Personal information
- Full name: James Patrick Rayner
- Date of birth: 31 March 1935
- Place of birth: Cornsay, England
- Date of death: 5 January 2009 (aged 73)
- Place of death: Durham, England
- Positions: Wing half; striker;

Senior career*
- Years: Team / Apps / (Gls)
- 1952–1954: Grimsby Town / 12 / (3)
- 1954: Bury / 0 / (0)
- 1954–1955: Hartlepool United / 0 / (0)
- 1955: Bury / 0 / (0)
- 1955–1957: Barrow / 11 / (1)
- 1957–1958: Grantham Town / 36 / (35)
- 1958–1963: Peterborough United / 119 / (12)
- 1963–1964: Grantham Town / 51 / (78)
- 1964–1965: Notts County / 32 / (13)
- Ilkeston Town
- Boston United
- Durham City
- Gateshead

= Jimmy Rayner =

English footballer (1935–2009)

James Patrick Rayner (31 March 1935 – 5 January 2009) was an English footballer, who played for a number of clubs in the English lower leagues. Playing at wing-half, Rayner was most notably a member of the Peterborough United side that won the Division Four title in their début season at league level.
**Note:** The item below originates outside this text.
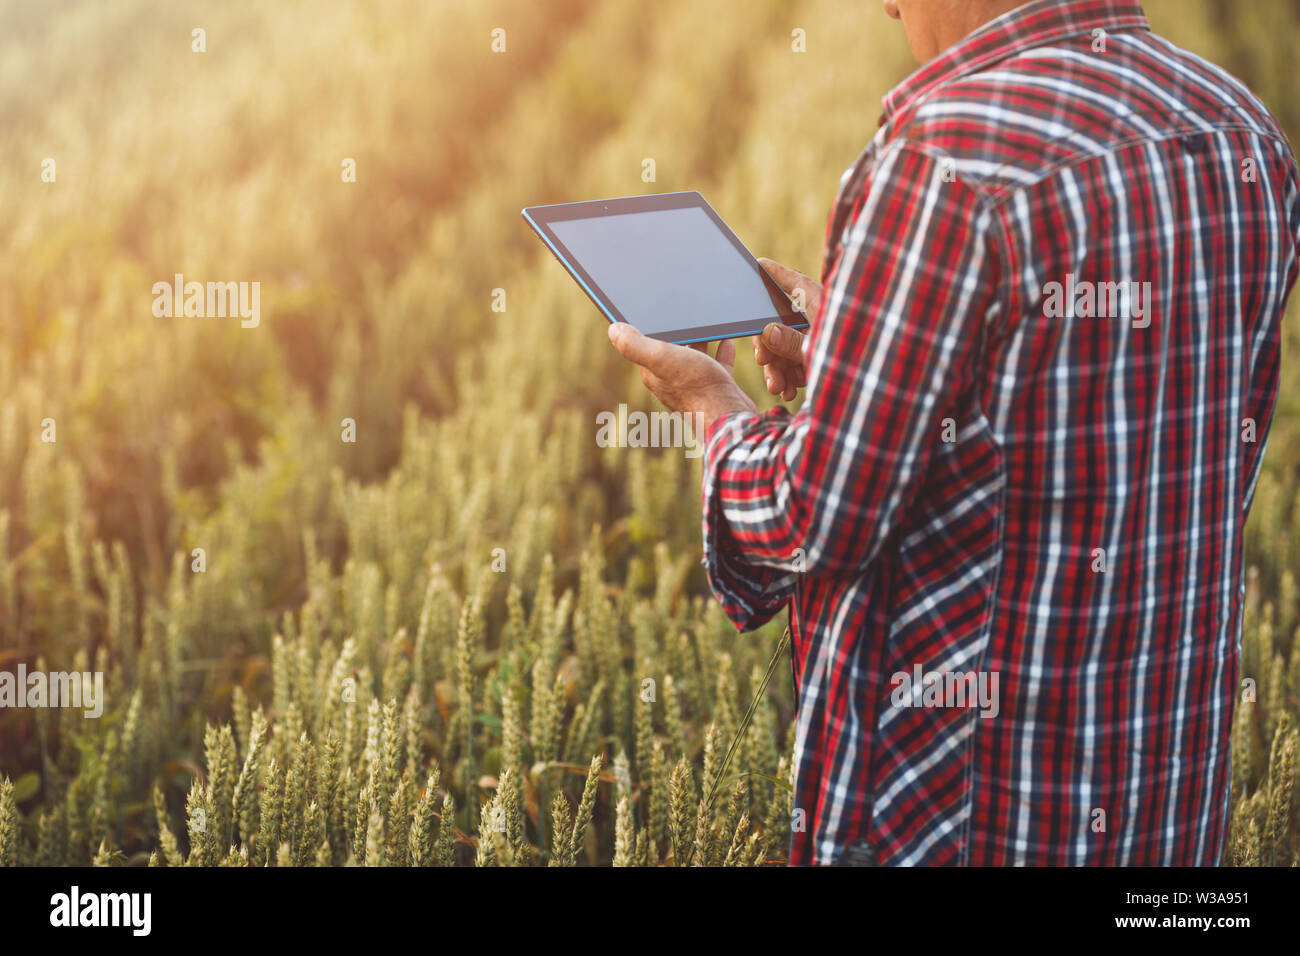 Gli agricoltori le mani con la compressa in un campo di grano vicino. Smart farming, uomo utilizzando moderne tecnologie in agricoltura Foto Stock

Prior to joining Peterborough, Rayner, a native of Cornsay, County Durham, had begun his football career as a striker at Grimsby Town, and later had short spells at Bury, Hartlepool United, Barrow and non-league Grantham Town before joining Peterborough in 1958. He spent five seasons at Peterborough before rejoining Grantham as player-coach in 1963.

Moving back to the striker position, Rayner scored an incredible 71 goals in 45 matches for Grantham in 1963–64, leading the Gingerbreads to their first Midland League title. The following season, he returned to the professional ranks, spending one season at Notts County.

After leaving Notts County, Rayner became player-manager at Ilkeston Town and set a club-record scoring 55 goals in one season at Boston United, before returning to his native North East, where he played for Durham City and Gateshead.